Time series are essentially a more complicated version of DE analysis. We’ll take two approaches in limma, and limma + voom: linear models vs. cubic splines.
General notes:
- many parallels to what limma and DESeq2 do, though limma has slightly different language
- One advantage to limma is that it is able to fit more complex models and contrasts simultaneously
- It also uses an empirical Bayes procedure, as well as what it calls “quantitative weights”
- These weights are meant to give more weight to controls or reliable genes in order to increase detection power
- idea behind limma is that we can now treat the converted counts as if they followed a normal distribution, rather than a count distribution (e.g.

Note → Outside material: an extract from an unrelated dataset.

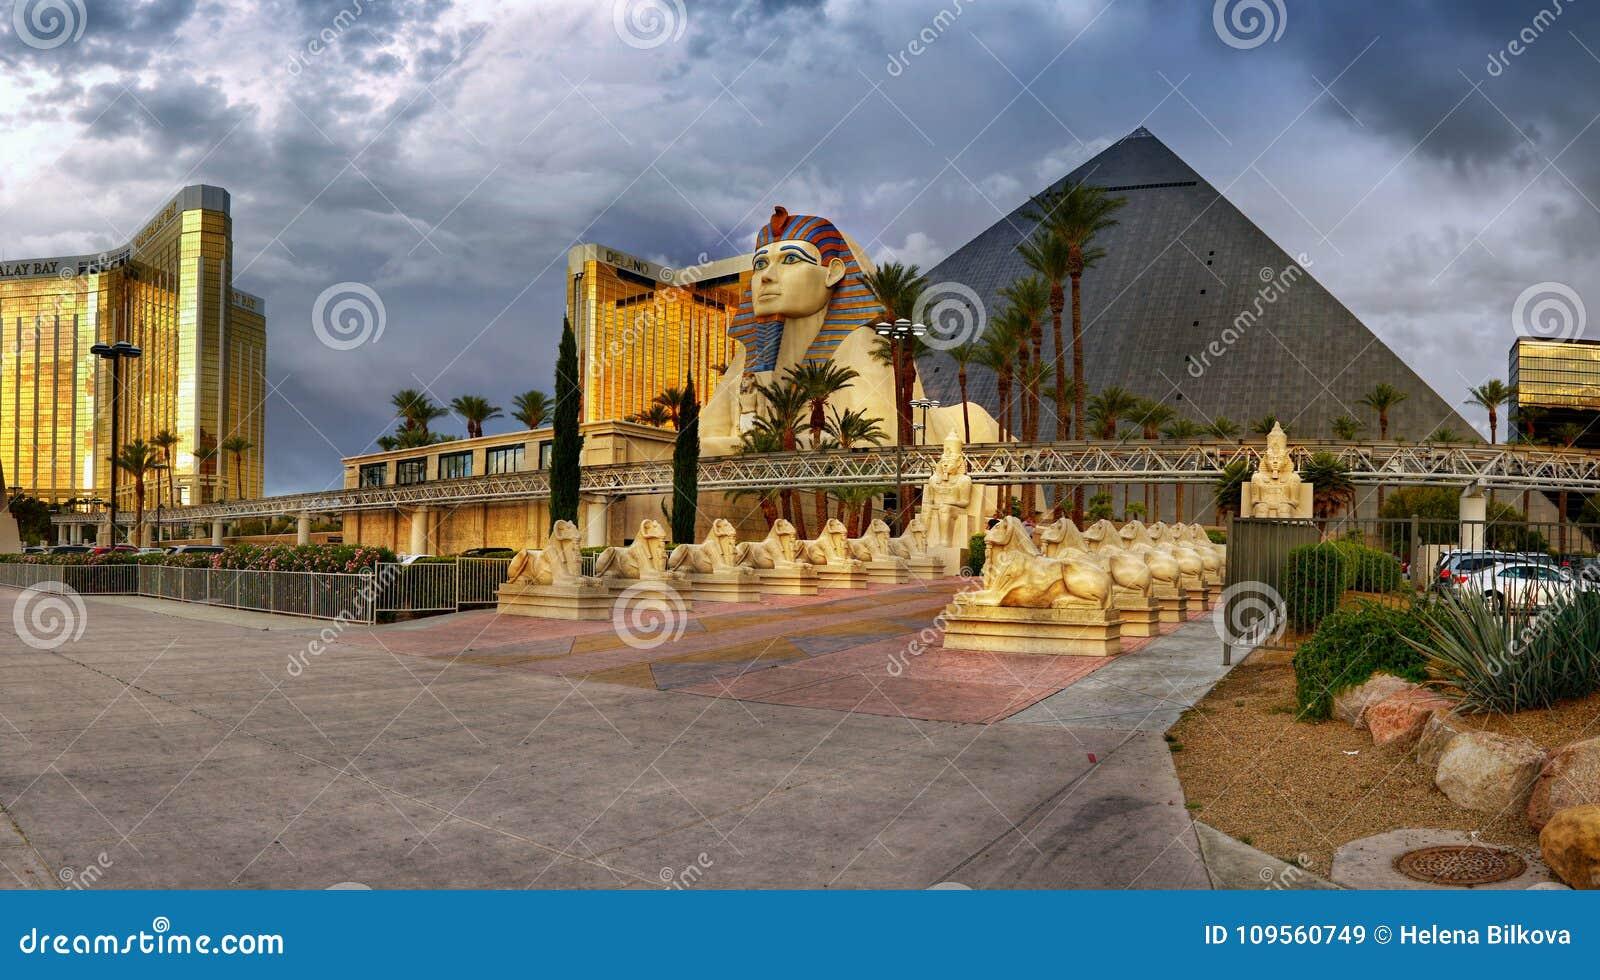 Las Vegas Strip Luxor Hotel Casino Pyramid Sphinx Editorial Stock

NB)
- voom is the specific function within limma that converts the relationship between individual observations of count mean and variance into “precision weights”, to make limma work even better for RNA-seq experiments
To read more about limma: https://academic.oup.com/nar/article/43/7/e47/2414268
To read more about voom:
https://genomebiology.biomedcentral.com/articles/10.1186/gb-2014-15-2-r29
Data used in lab:
We are using a subset of the data from Lindsey et al (https://journals.asm.org/doi/10.1128/mBio.03472-20) that looked at gene expression in flies infected with different combinations of Wolbachia and SINV. For simplicity, we are using only the set that are Wolbachia-positive.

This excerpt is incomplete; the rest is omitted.